→ **ENTRIES SHOWN**:
↓↓↓

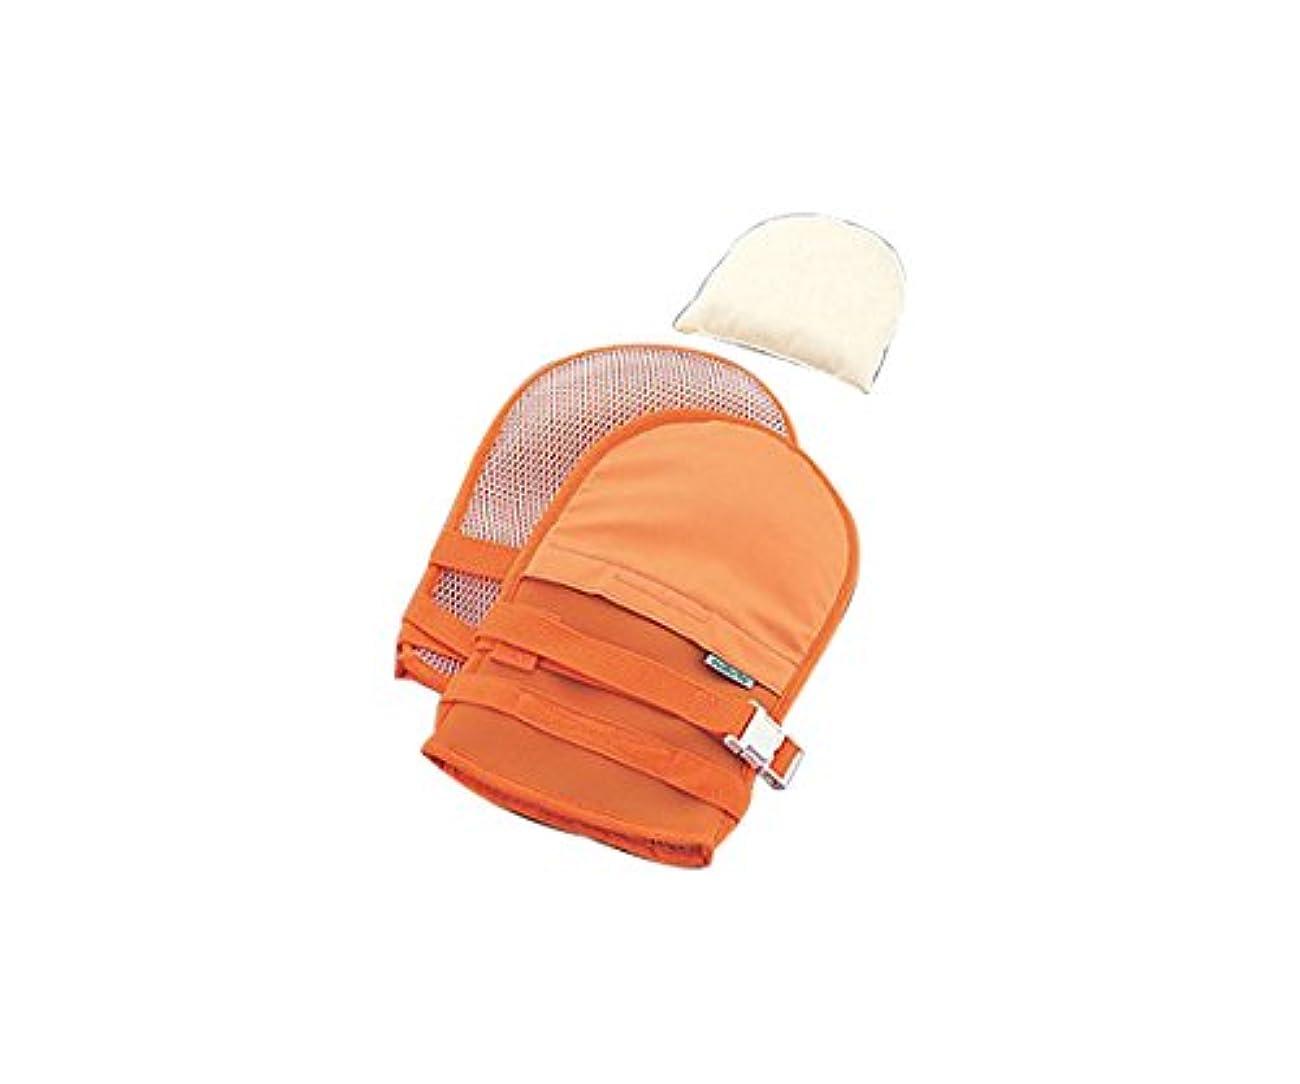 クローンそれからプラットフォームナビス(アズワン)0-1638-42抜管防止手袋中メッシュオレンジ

↑↑↑
↓↓↓

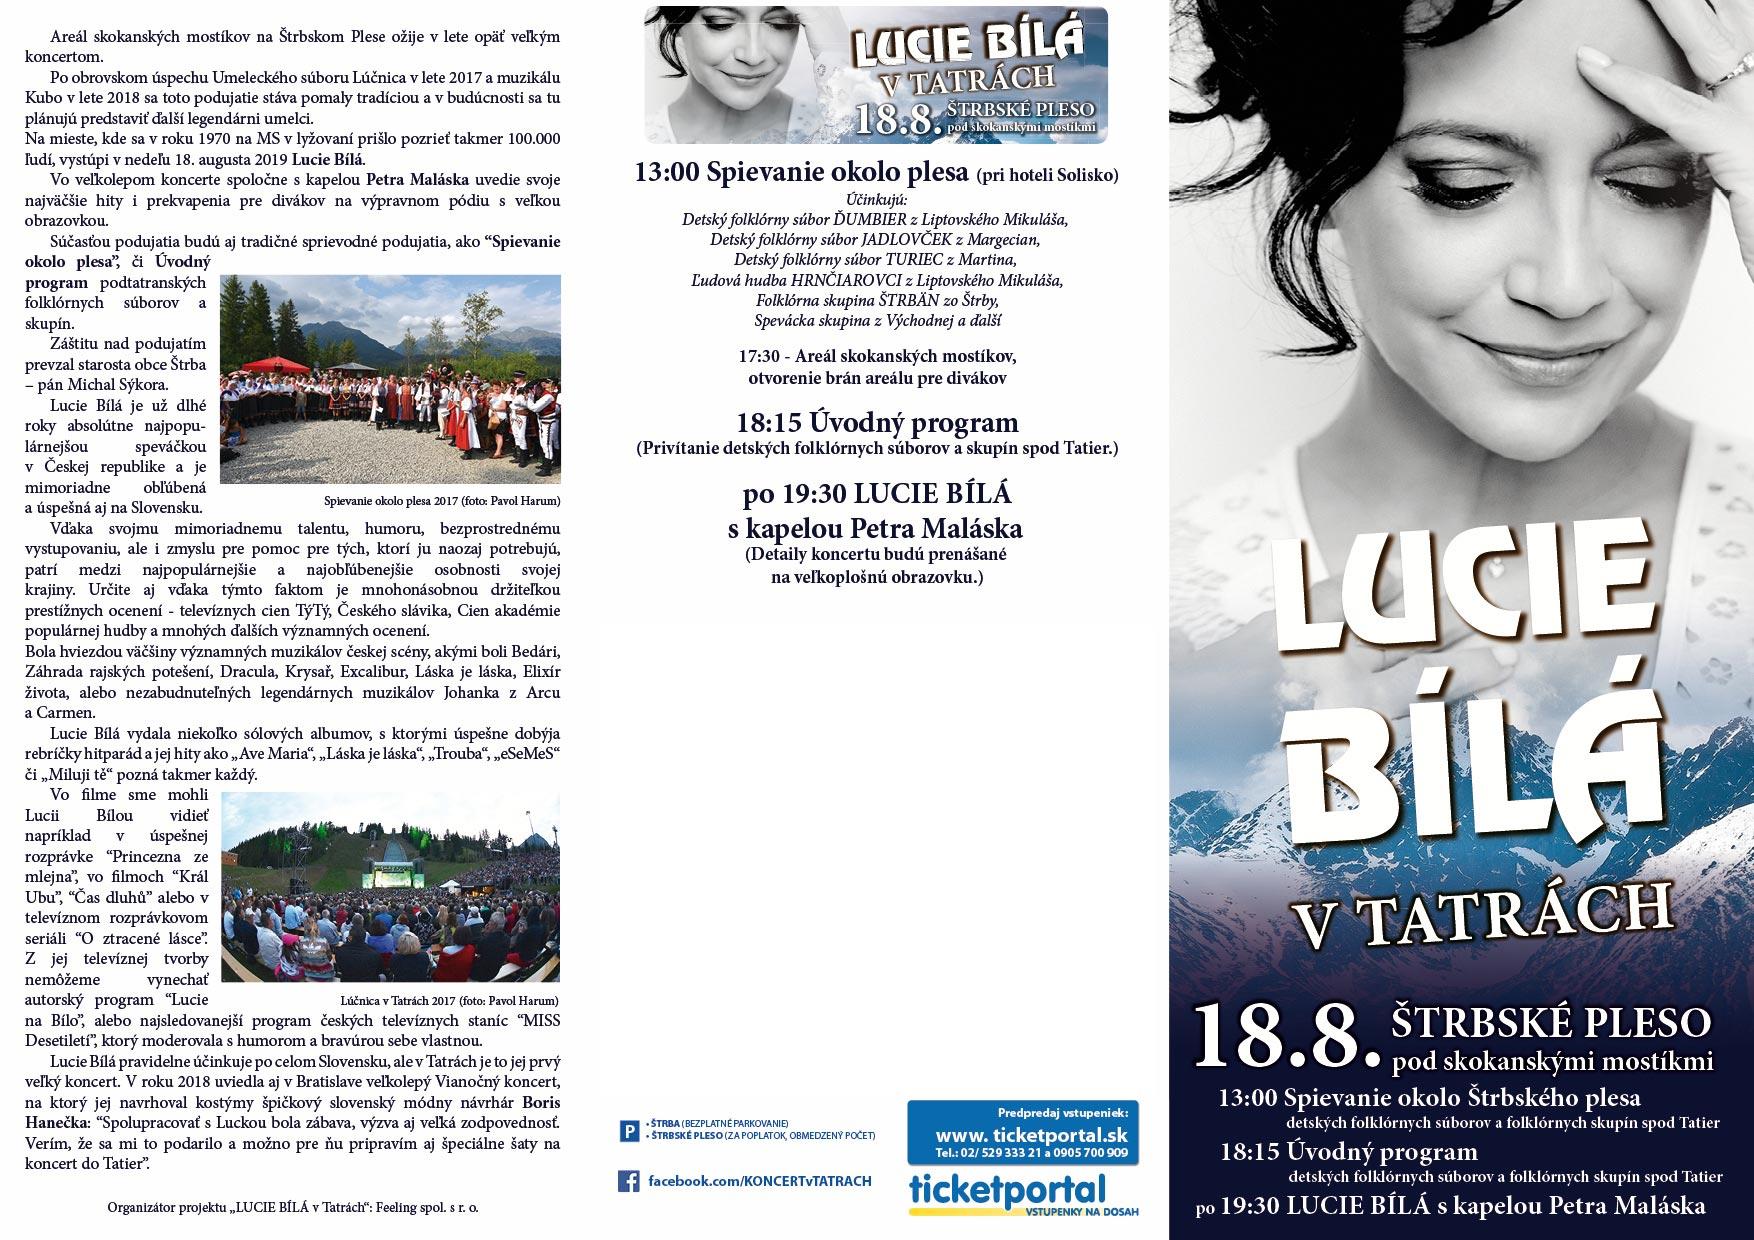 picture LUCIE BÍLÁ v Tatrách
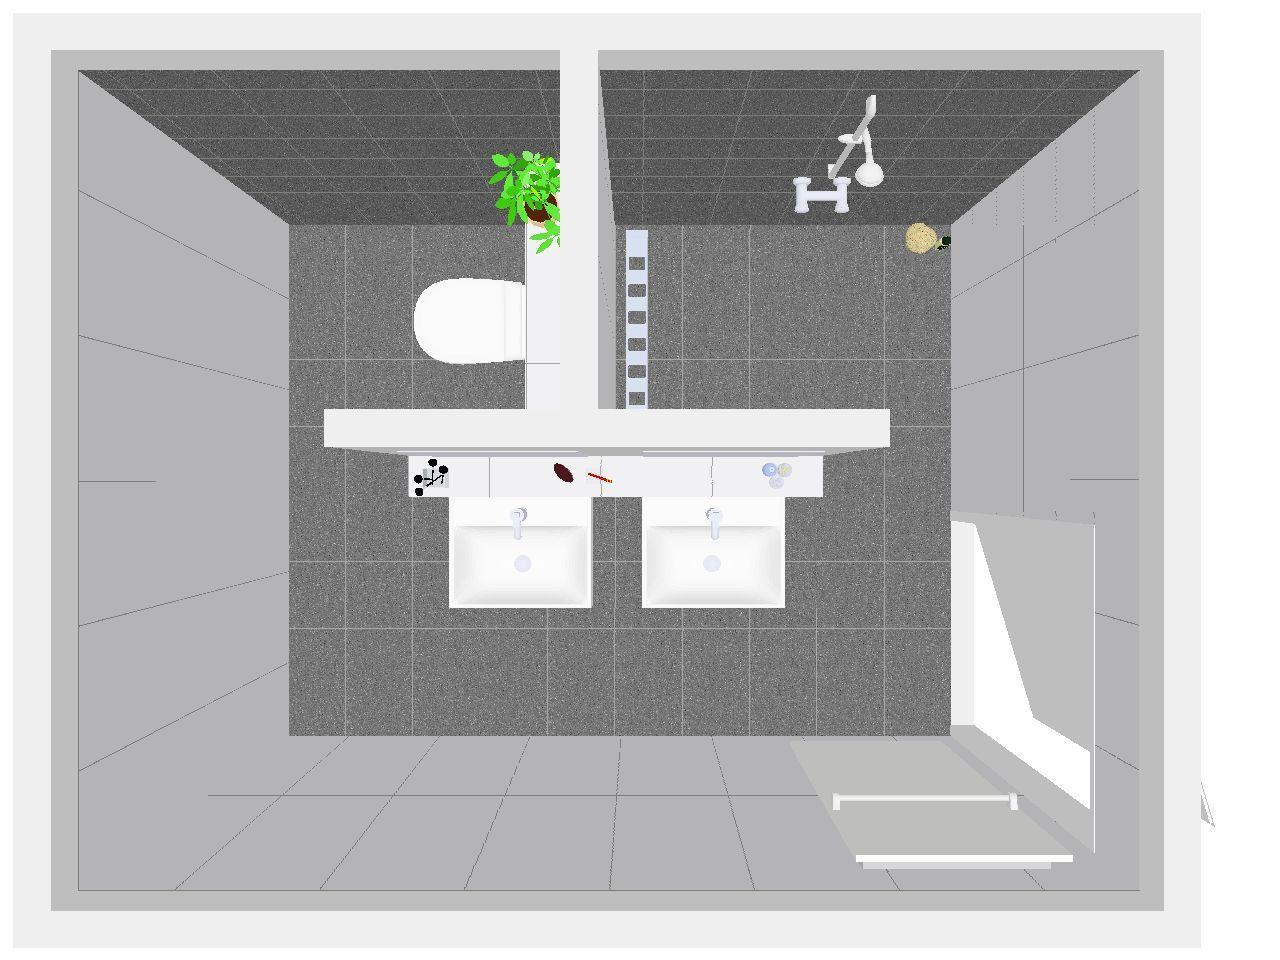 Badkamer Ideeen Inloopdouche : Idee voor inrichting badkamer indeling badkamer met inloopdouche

↑↑↑

→ **PROBLEM REQUIREMENTS**:
Please transcribe exactly the part of the records that opens with the line containing "picture LUCIE BÍLÁ v Tatrách" and closes with the line containing "Badkamer Ideeen Inloopdouche", both ends included, and leave out the pictures.

→ **ANSWER BOX**:
 picture LUCIE BÍLÁ v Tatrách
 Badkamer Ideeen Inloopdouche : Idee voor inrichting badkamer indeling badkamer met inloopdouche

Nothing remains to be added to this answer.